##### Raw data
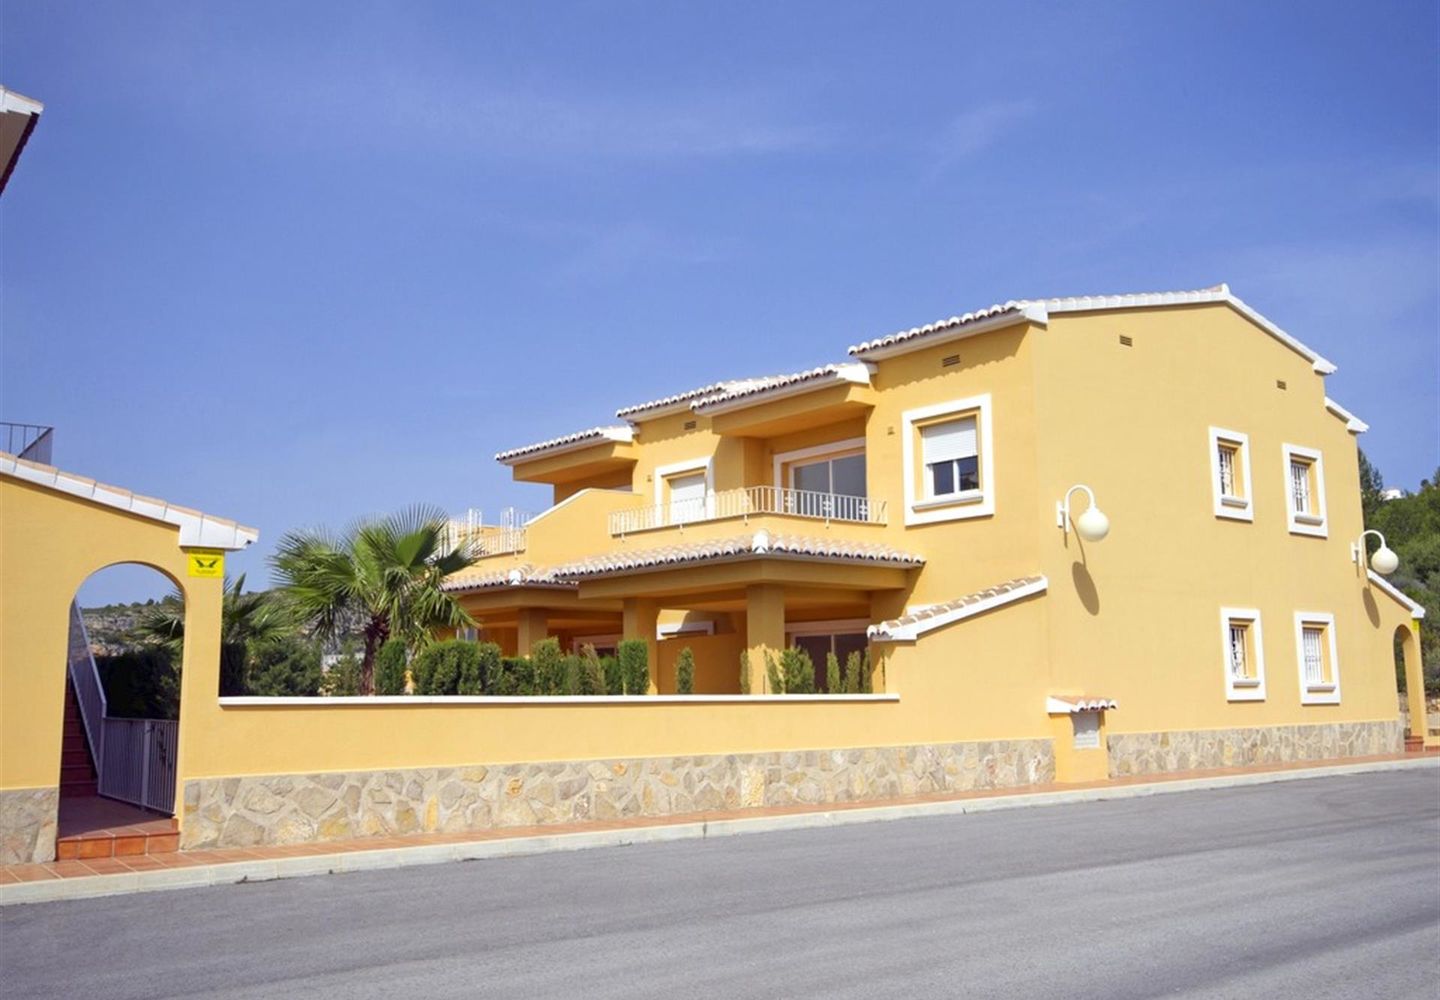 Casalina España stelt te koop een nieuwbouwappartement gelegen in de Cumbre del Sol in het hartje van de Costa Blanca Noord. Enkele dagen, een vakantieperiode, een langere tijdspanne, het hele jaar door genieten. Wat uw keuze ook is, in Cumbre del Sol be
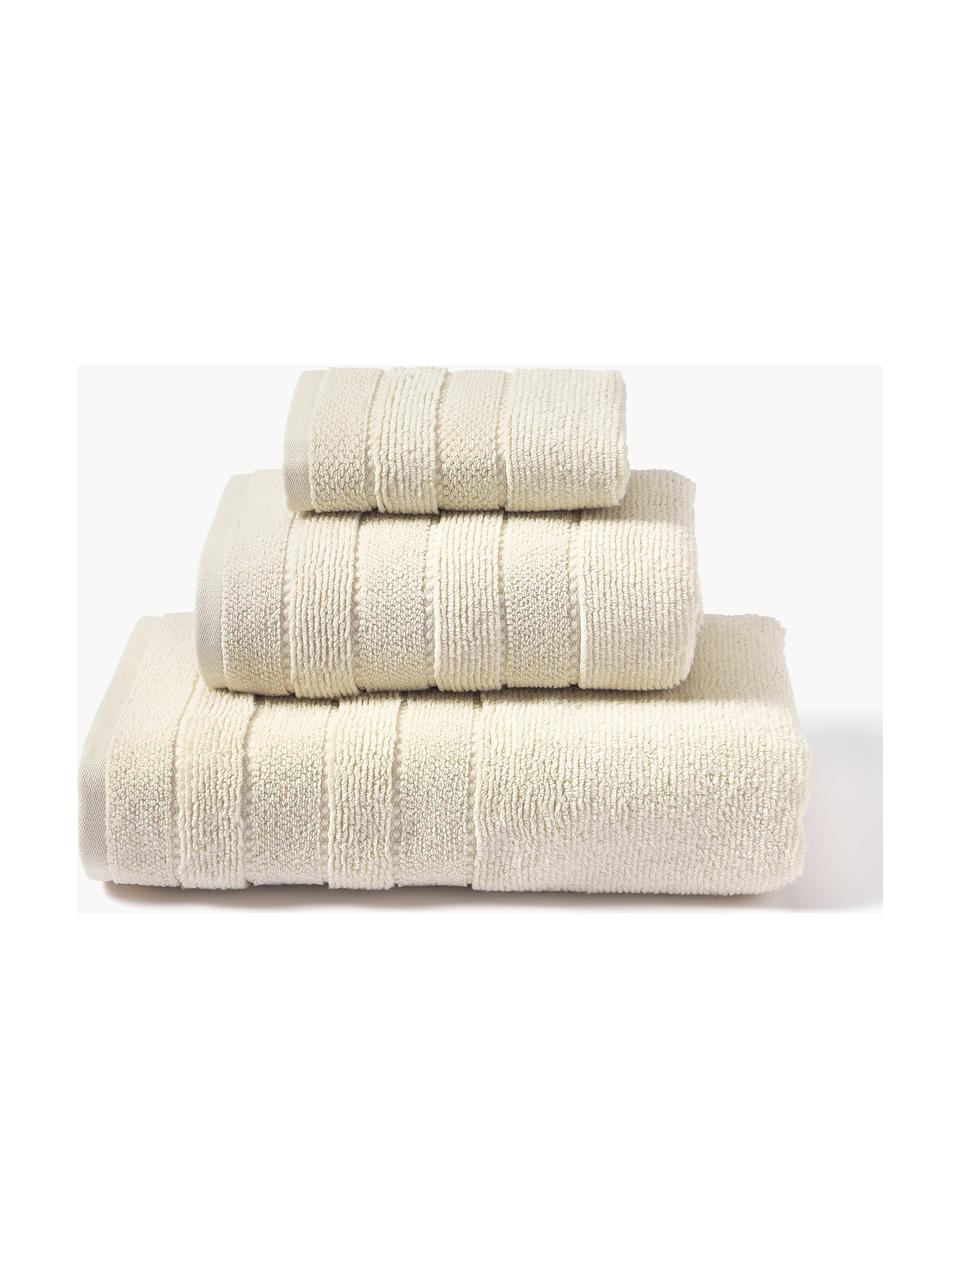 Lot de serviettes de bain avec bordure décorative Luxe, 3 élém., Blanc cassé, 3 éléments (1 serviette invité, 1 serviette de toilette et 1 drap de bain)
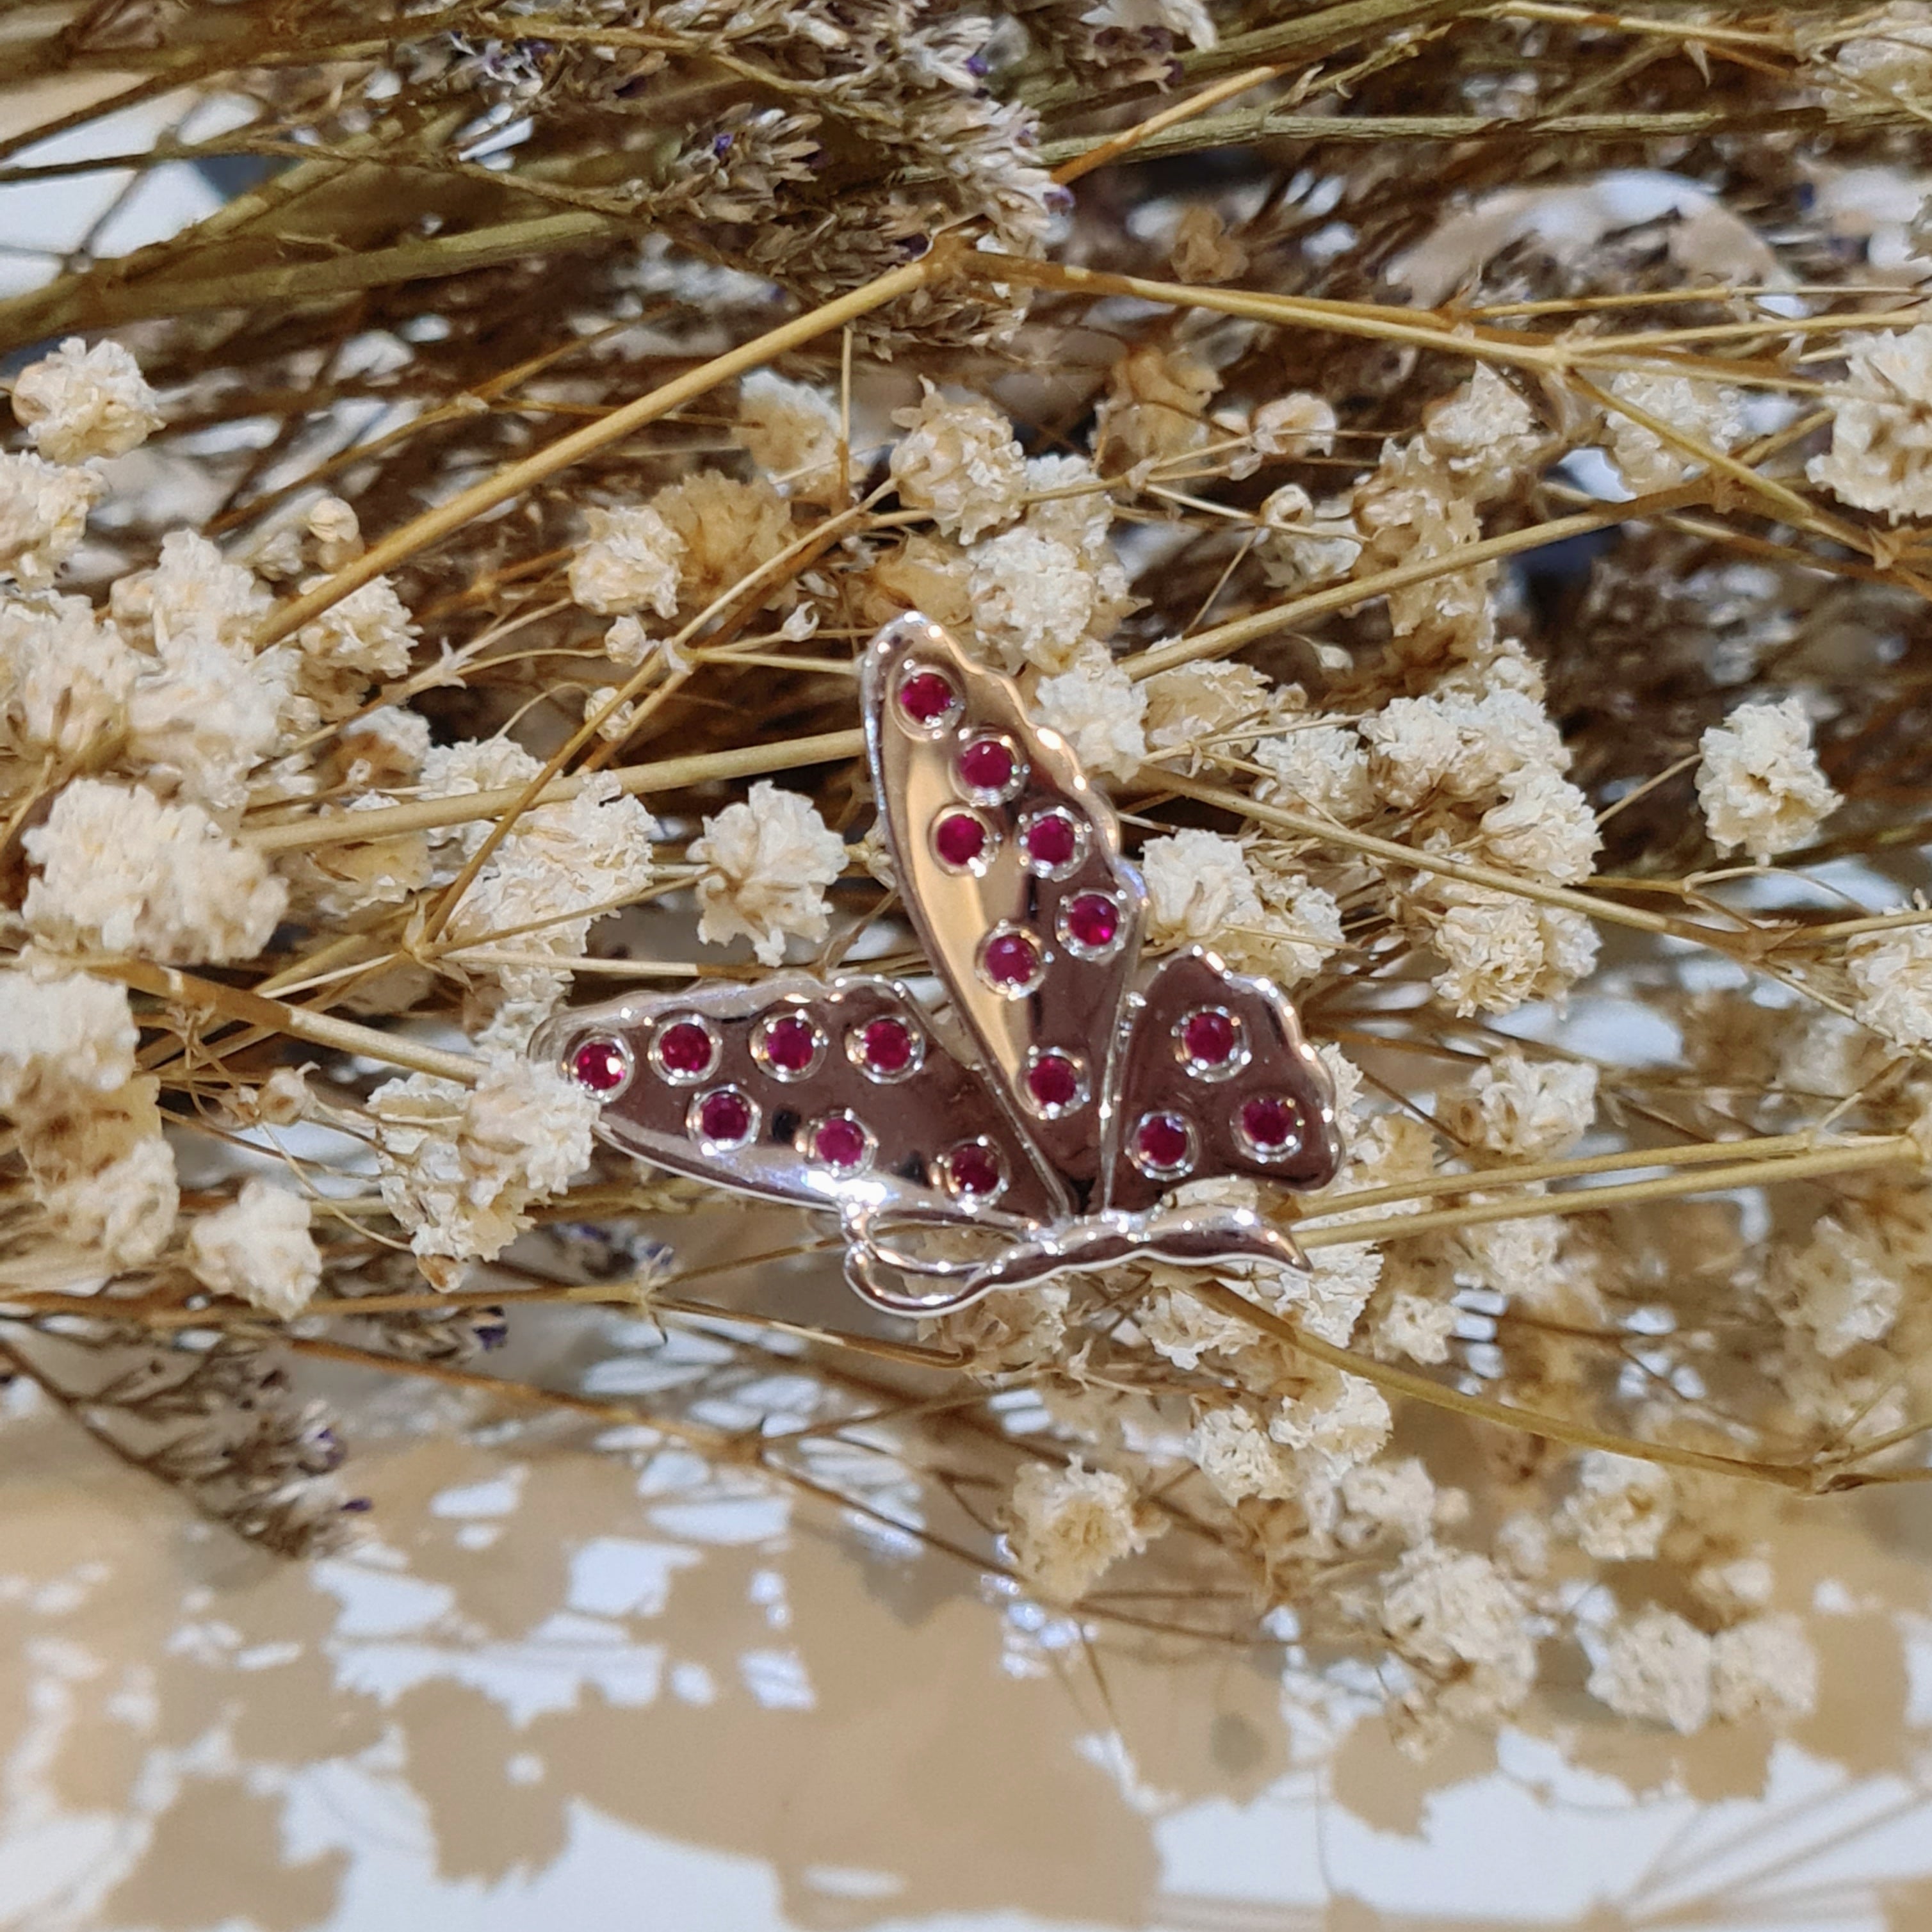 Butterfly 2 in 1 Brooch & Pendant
##########
Work instructions: Your copy of the data above should match it exactly, apart from the images.

Solution:
 Casalina España stelt te koop een nieuwbouwappartement gelegen in de Cumbre del Sol in het hartje van de Costa Blanca Noord. Enkele dagen, een vakantieperiode, een langere tijdspanne, het hele jaar door genieten. Wat uw keuze ook is, in Cumbre del Sol be
 Lot de serviettes de bain avec bordure décorative Luxe, 3 élém., Blanc cassé, 3 éléments (1 serviette invité, 1 serviette de toilette et 1 drap de bain)
 Butterfly 2 in 1 Brooch & Pendant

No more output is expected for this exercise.